The plot highlights the strongest candidate windows. These are not final model results; they are a structured way to decide which timing periods deserve closer modeling and validation.

top_screened <- screened |>
  mutate(abs_estimate = abs(estimate)) |>
  arrange(desc(abs_estimate)) |>
  slice_head(n = 8) |>
  mutate(feature = factor(feature, levels = rev(feature)))

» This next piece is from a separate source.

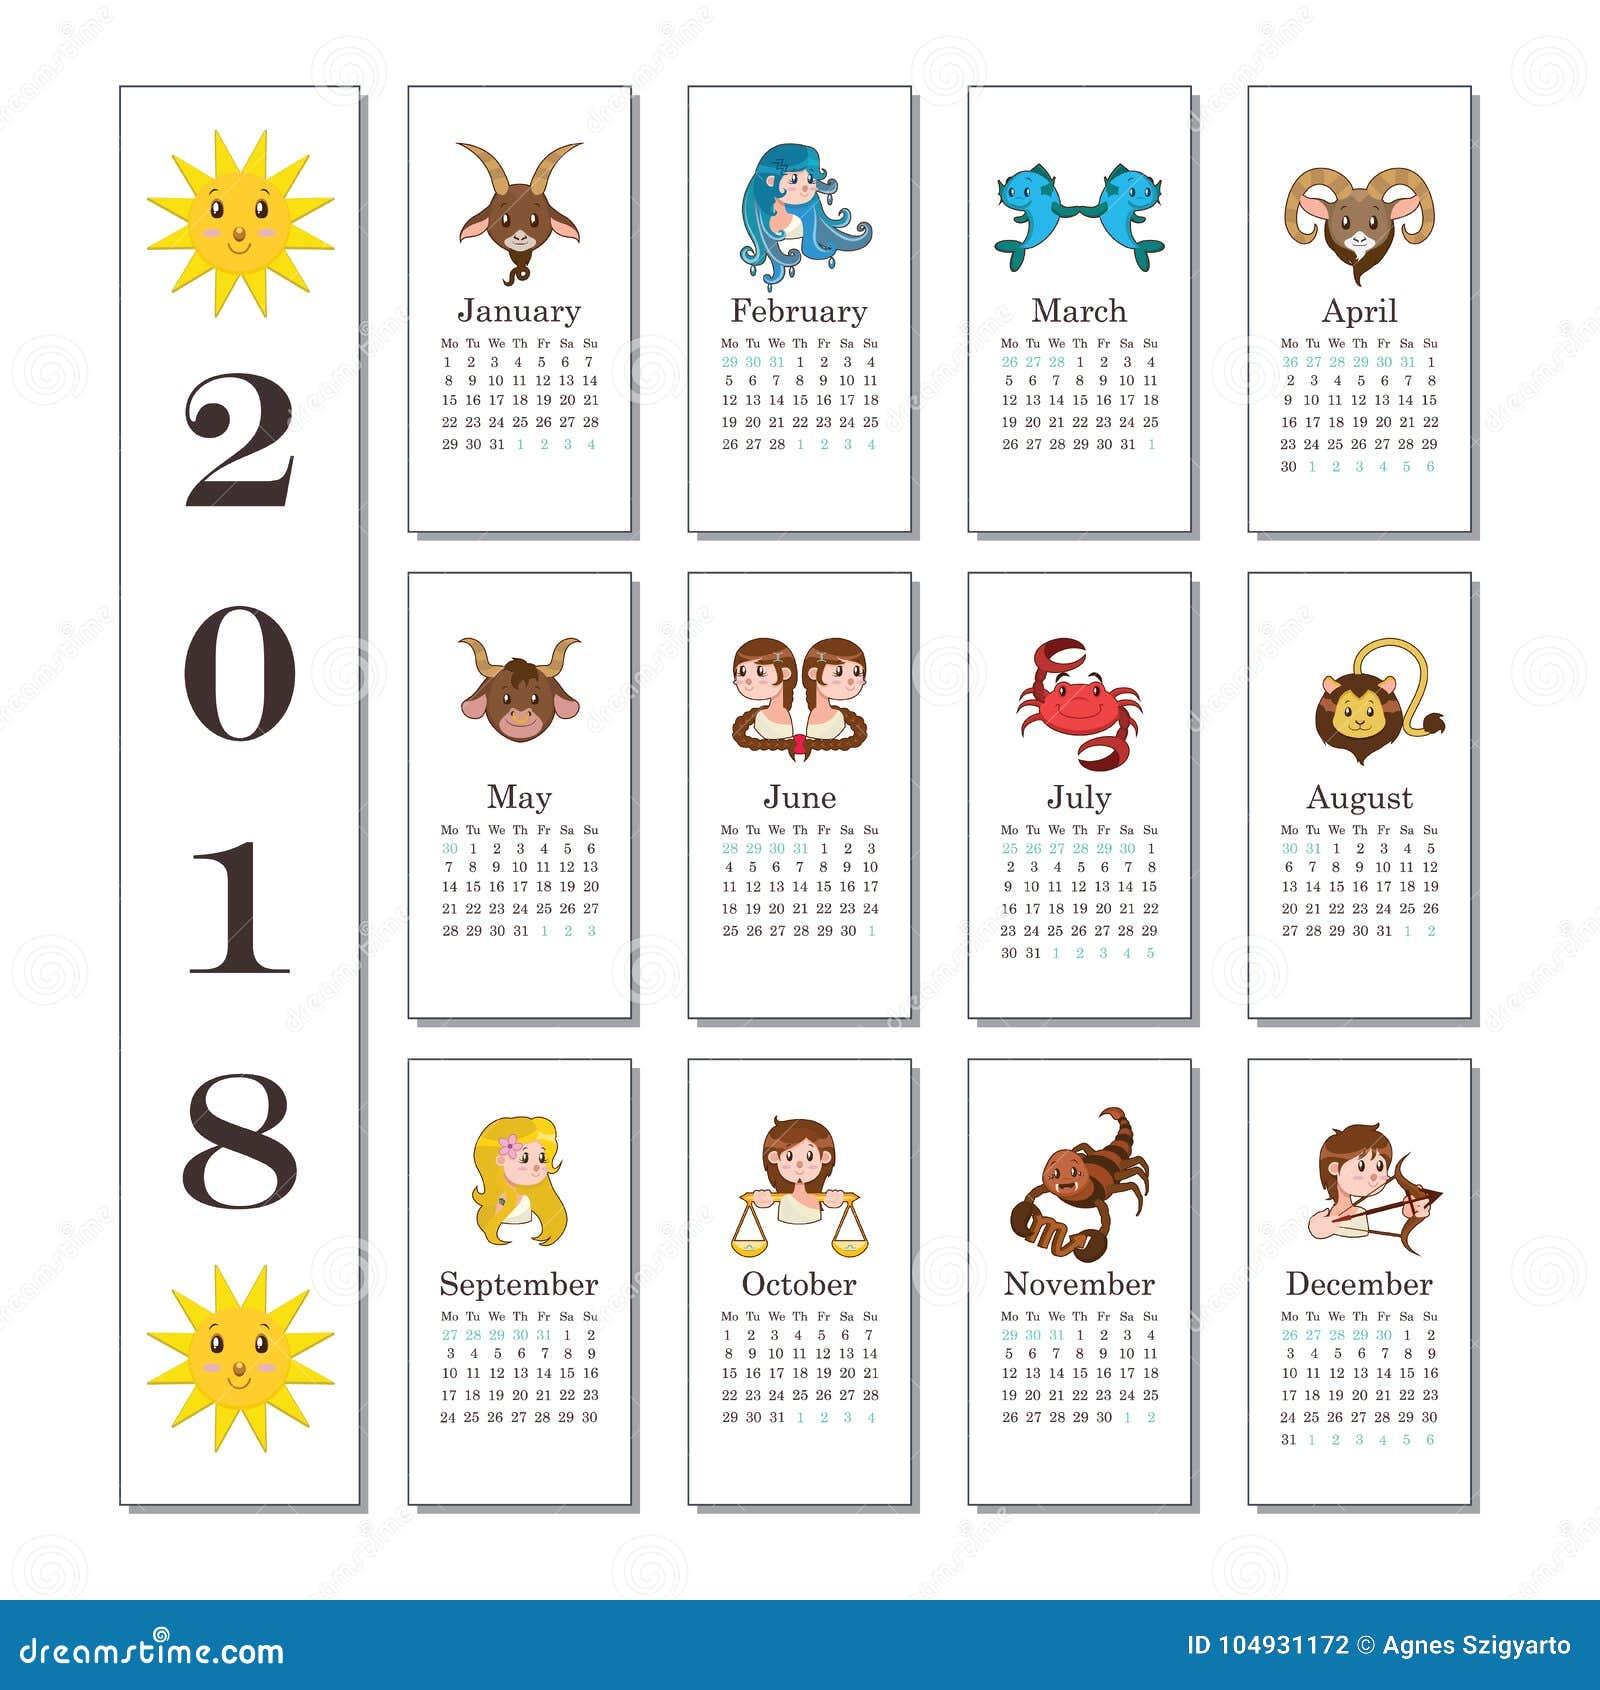 Calendario Segni.Calendario 2018 Con I Segni Del Fumetto Dello Zodiaco

ggplot(top_screened, aes(abs_estimate, feature)) +
  geom_col(fill = "#6ea87d") +
  labs(
    title = "Top screened windows",
    x = "Absolute Spearman correlation",
    y = NULL
  ) +
  theme_half_open()

ggplot2 chart showing weather data preparation or window-pane feature generation.

Recommended workflow

Prepare a long weather table with one row per site and time point.
Prepare an assessment table with one row per site and the reference date.
Choose candidate windows that match the biological question.
Use interpretable summaries for weather exposure.
Inspect one site before applying the workflow to the full dataset.
Screen and validate candidate predictors before using them in final models.